Subsequently, an unsupervised CR method for cross-media retrieval, based on two-tier networks, was introduced. This approach adeptly fused both global and local similarities, ensuring enhanced retrieval precision. By employing all training images to collaboratively reconstruct each test image, and analogously using all training texts to collaboratively reconstruct each test text, the collaboration coefficients between the two were utilised as a homogenised representation of image and text. Thus, a framework was established wherein each test sample was co-represented alongside all training samples, preserving the distinctiveness of each test sample. Comparative analyses between this novel method and conventional cross-media retrieval strategies have been conducted, and the preliminary findings underscore the efficacy of the introduced methodology.

2. Cross-Media Methodology Based on Two-Level Model

A two-level cross-media model has been proposed for the execution of retrieval tasks. Within this methodology, two distinct loss functions, namely global and local, were formulated to capture both the global and local features inherent to images and texts. Utilising the feature representations derived from these images and texts, two levels of similarity were strategically developed and aggregated, ensuring a degree of information complementarity. Such an approach manifested in augmented outcomes in cross-media retrieval tasks.

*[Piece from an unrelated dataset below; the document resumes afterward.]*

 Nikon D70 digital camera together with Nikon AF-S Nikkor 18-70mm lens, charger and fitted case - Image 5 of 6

The integration of both global and local similarities by the two-level model method offers a comprehensive semantic description of images and texts. Such integration potentially facilitates a deeper exploration into the latent semantic alignment between images and texts. On one end, data from diverse modalities, when transitioned from their independent representation spaces to a shared subspace, permits the calculation of similarities across varying modal instances. This translates to a reduction in the semantic feature distance across distinct modal data. On the opposite end, drawing inspiration from ranking-based methodologies [23-25], a tripartite-based loss function was employed. This function was designed to augment the distance between varying modalities encompassing different semantic features while minimising the distance among modalities with analogous semantic features. The ultimate goal remains an enhanced alignment between image and textual data.

Intricately designed, this model not only capitalises on self-attention networks to derive global, overarching representations of images but also harnesses attention mechanisms for localised text representations. An innovative two-level similarity fusion method was introduced to facilitate mutual enhancement, thus propelling cross-media association learning towards achieving information complementarity.

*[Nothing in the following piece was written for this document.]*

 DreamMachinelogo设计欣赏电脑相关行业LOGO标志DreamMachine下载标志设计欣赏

2.1 Global representation processing

2.1.1 Global representation of images

Each image im was first resized to dimensions of 256×256, post which they were subjected to a convolutional neural network (CNN) to harness their high-dimensional information. The network, analogous in configuration to ResNet-152 [26], was pre-trained on the expansive dataset, ImageNet. The final image feature was subjected to mean-pooling, resulting in the extraction of the global image feature x. This global feature was subsequently processed through a self-attention network [27], depicted in Figure 1.

Figure 1. Structure of self-attention network

Initially, based on the pre-obtained global feature x of the image, calculations of fx=Wx and y(x)=Wx were performed. This yielded two distinctive feature spaces, each generated by multiplying image features with different weight matrices Wf and Wy. The softmax function was employed to calculate the correlation aj,i, which represents the degree of correlation between the image content in region j of the model and region i. The mathematical representation is provided as:

$a_{j,\,\,i}=\frac{\exp \left(b_{i j}\right)}{\sum_{i=1}^n \exp\,\, \left(b_{i j}\right)}$          (1)

where, bij=f(xi)Ty(xj). Subsequently, the output cj of the self-attention network was computed:

$\mathbf{c}_j\,\,=\,\,\sum_{i=1}^N a_{j,\,\,i} k\left(\mathbf{x}_i\right)$          (2)

where, k(xi)=Wkxi, and Wk represents a weight parameter matrix. C=(c1, c2, …, cj, …, cn) plays a pivotal role, ensuring the harmonious amalgamation of information.

In the final phase, the primal features of the image were fused with the attributes of the attention layer. This convergence yielded the output gi=λci+xi, serving as a comprehensive representation of image λ. Notably, the parameter value has been set at 0.1.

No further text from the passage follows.